Segment Start: Data

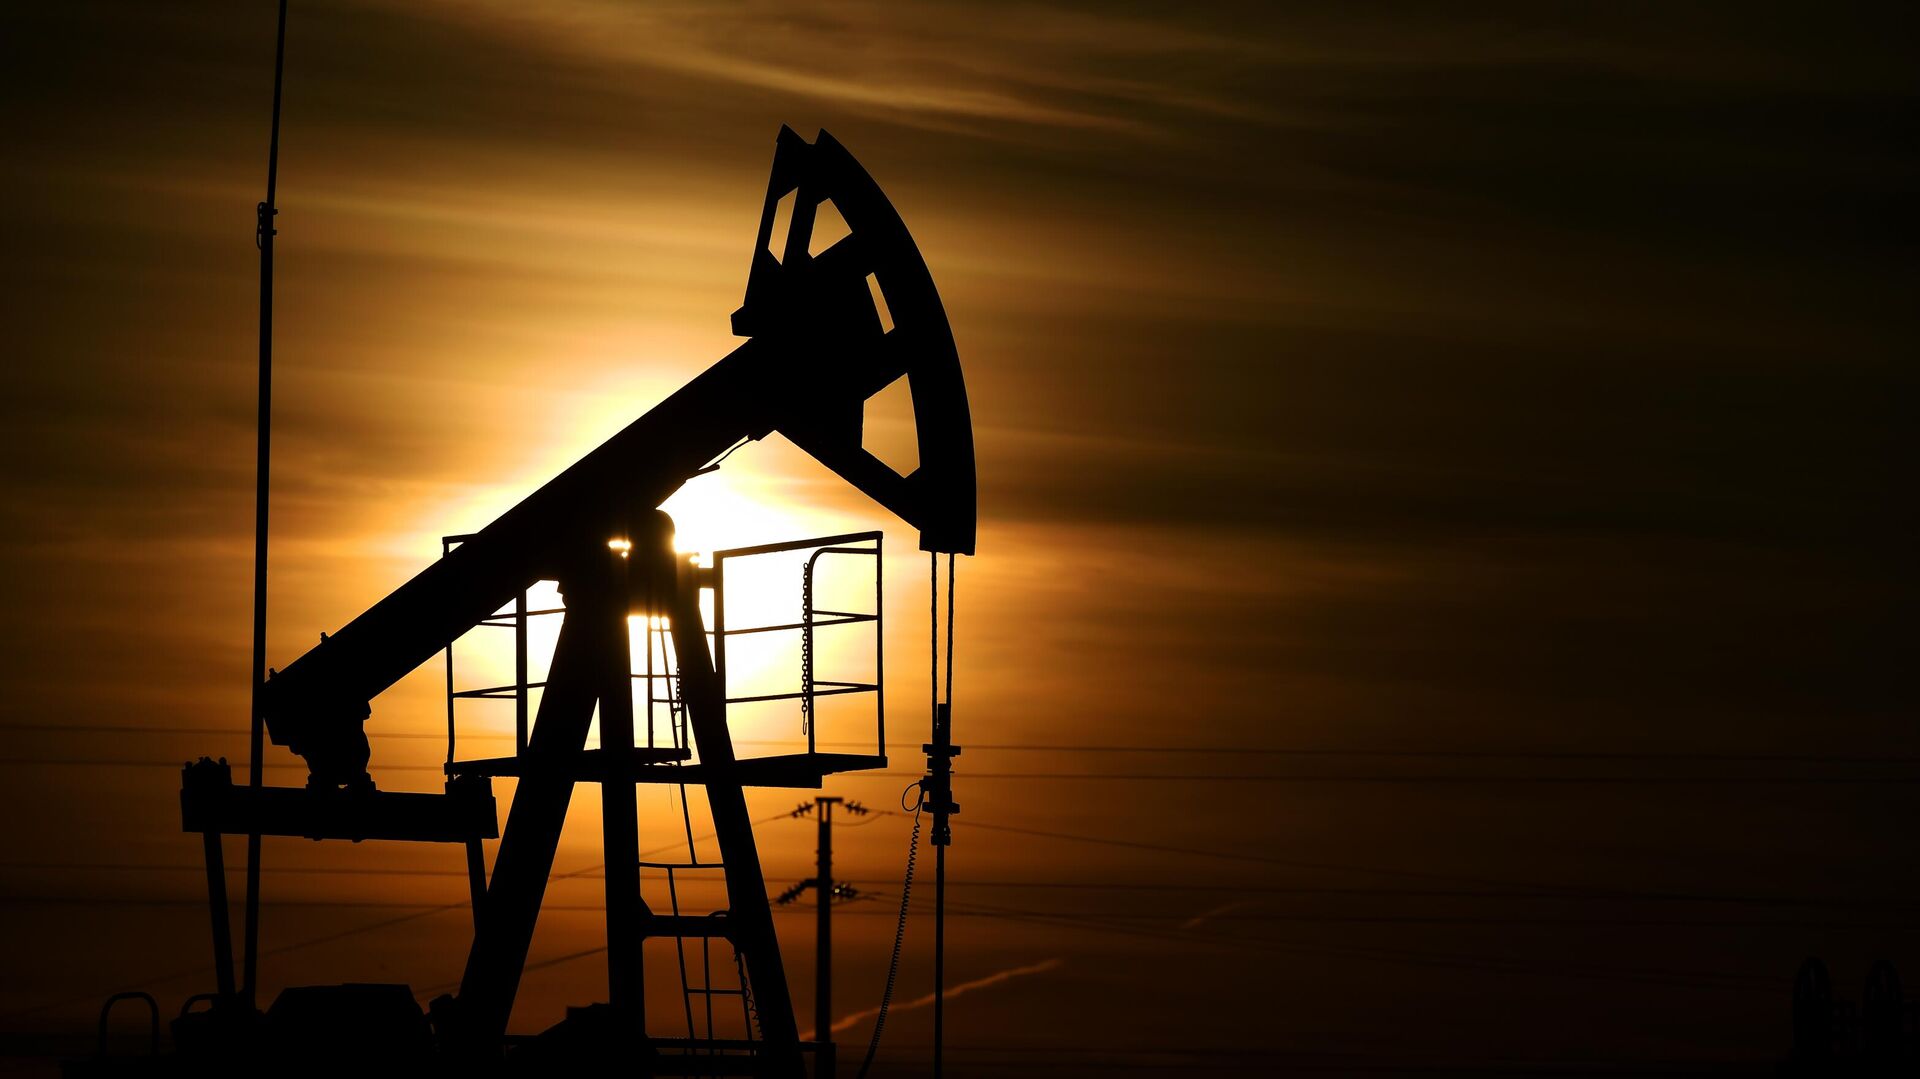 Цены на нефть восстановились более чем на два процента
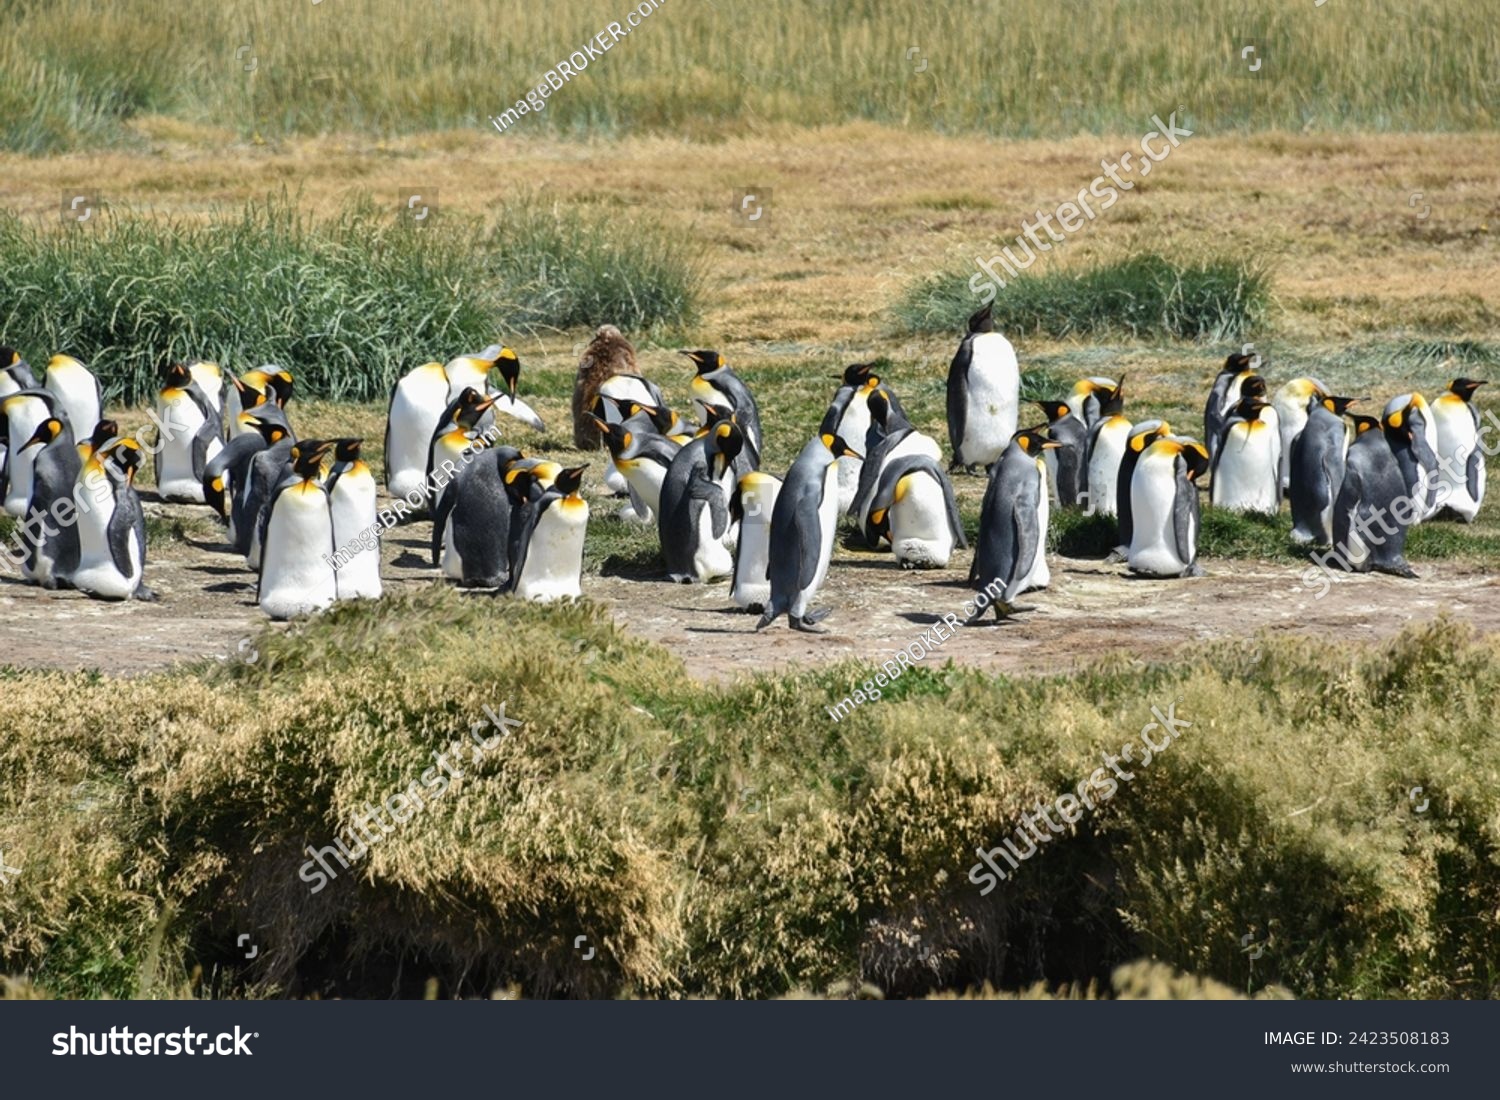 King penguins (Aptenodytes patagonicus), colony at Bahia Inutil, Parque Pingüino Rey, Porvenir, Province Tierra del Fuego, Tierra del Fuego, Chile #2423508183
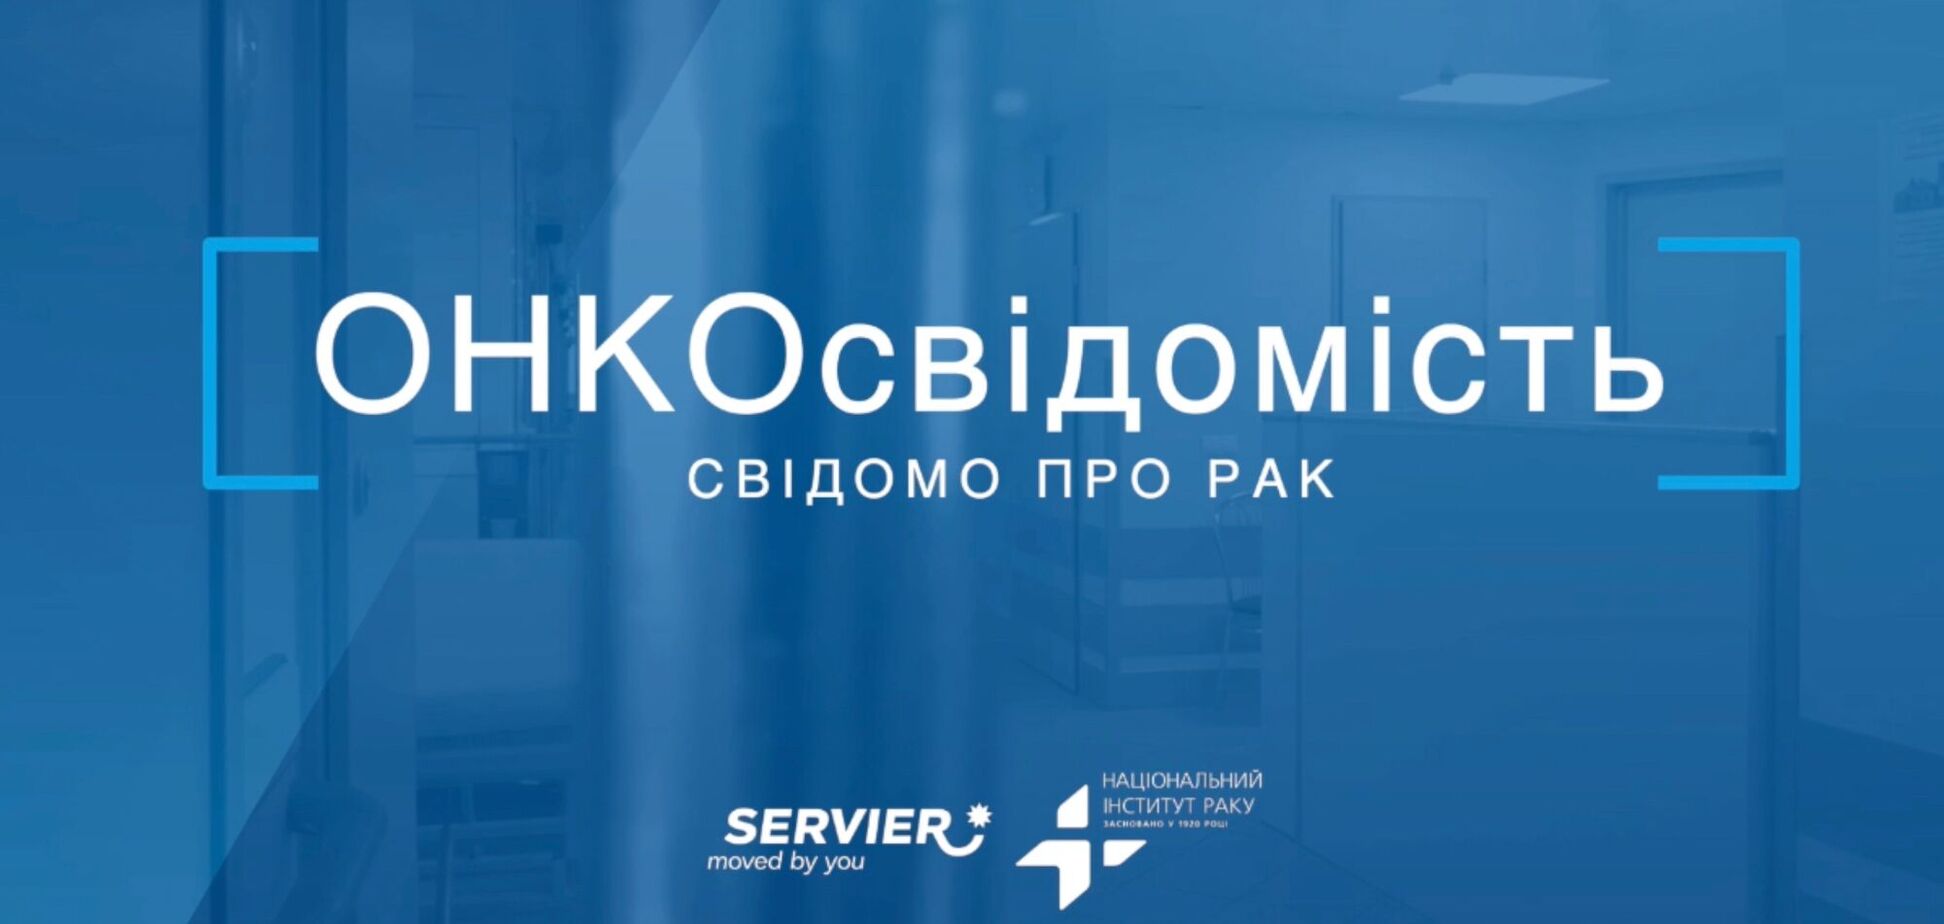 Украинцев будут учить онкосознания в YouTube: Национальный институт рака запустил всеукраинский информ-проект
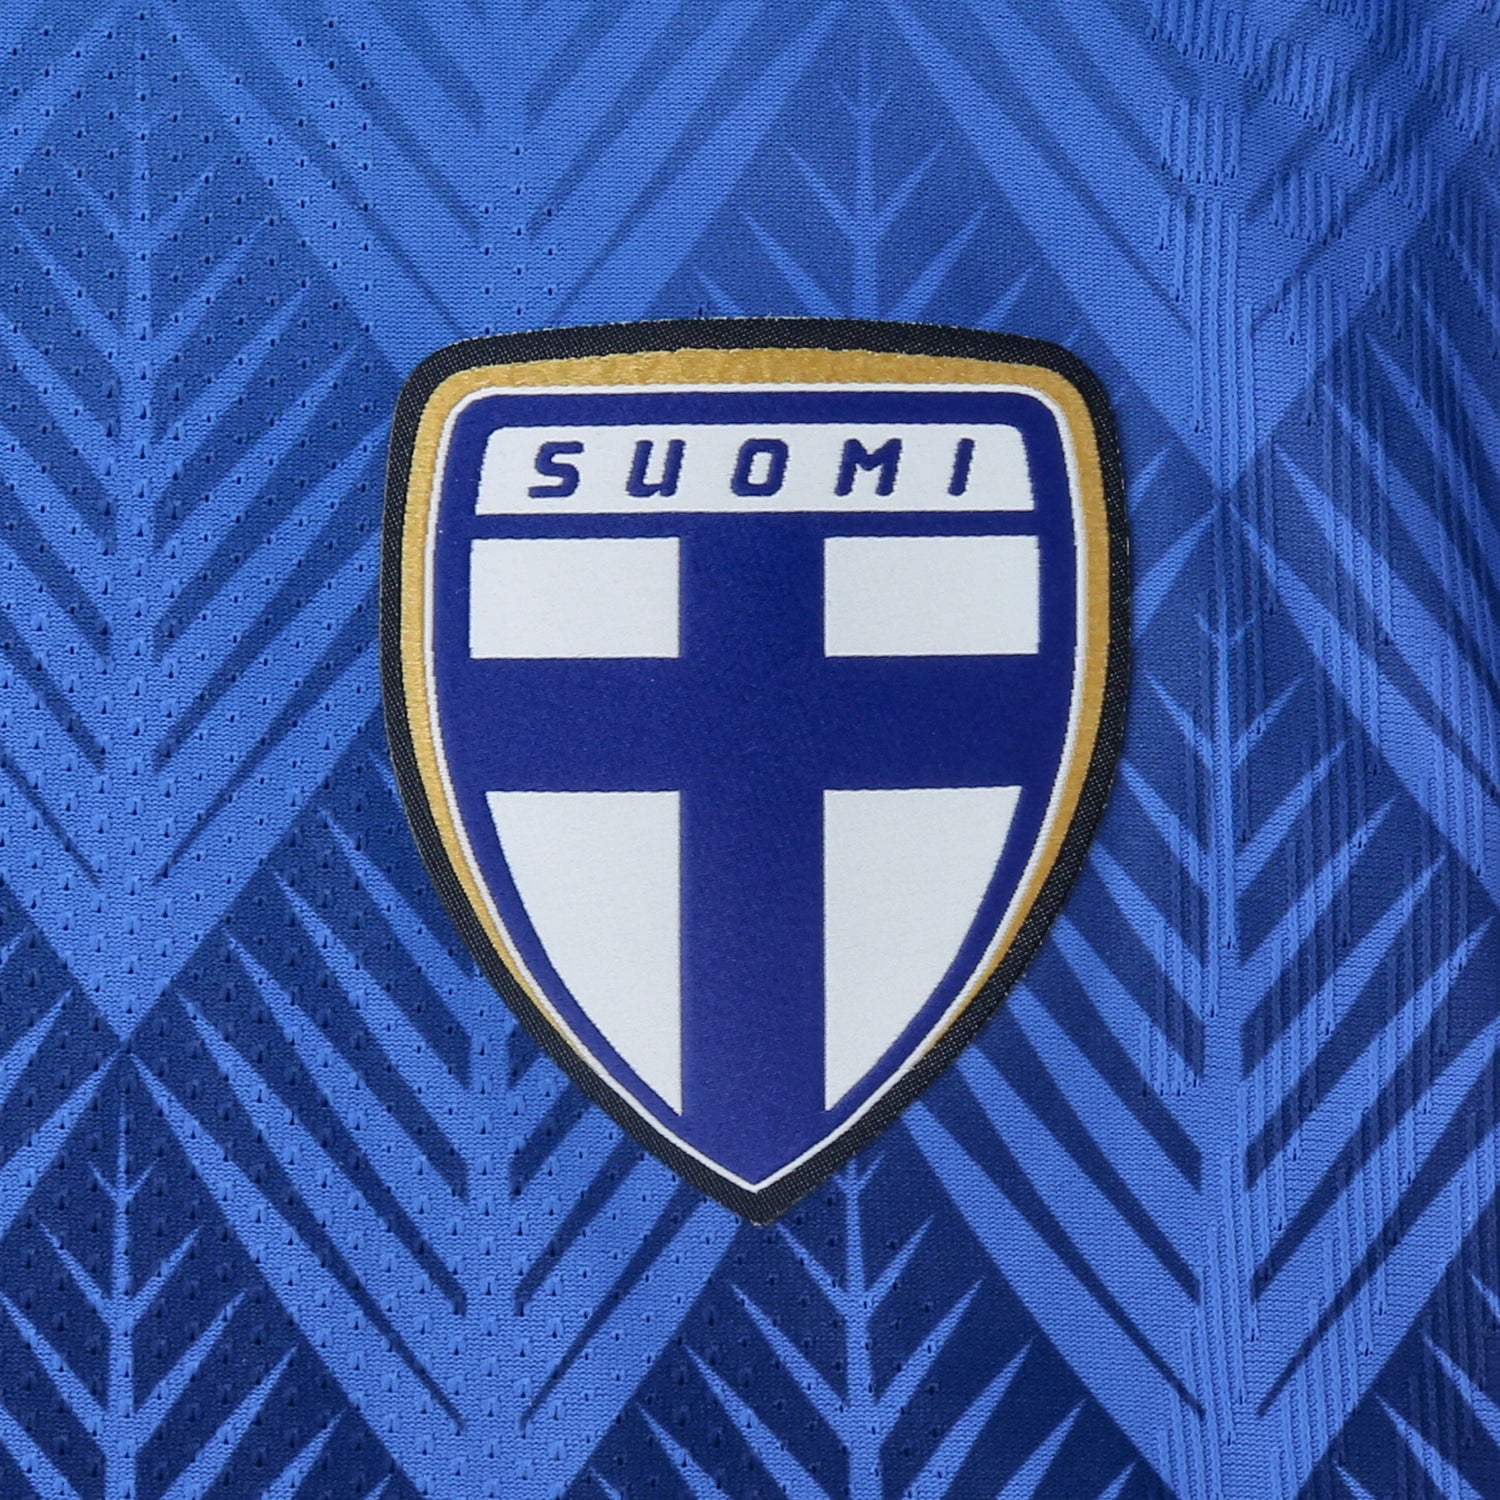 Finland Official Away Jersey 2022/23, Lappalainen Print

Segment End: Data

> [Description of the task]: Return the data above unchanged. Pictures are not part of the copy.

> [Answer to this exercise]:
 Цены на нефть восстановились более чем на два процента
 King penguins (Aptenodytes patagonicus), colony at Bahia Inutil, Parque Pingüino Rey, Porvenir, Province Tierra del Fuego, Tierra del Fuego, Chile #2423508183
 Украинцев будут учить онкосознания в YouTube: Национальный институт рака запустил всеукраинский информ-проект
 Finland Official Away Jersey 2022/23, Lappalainen Print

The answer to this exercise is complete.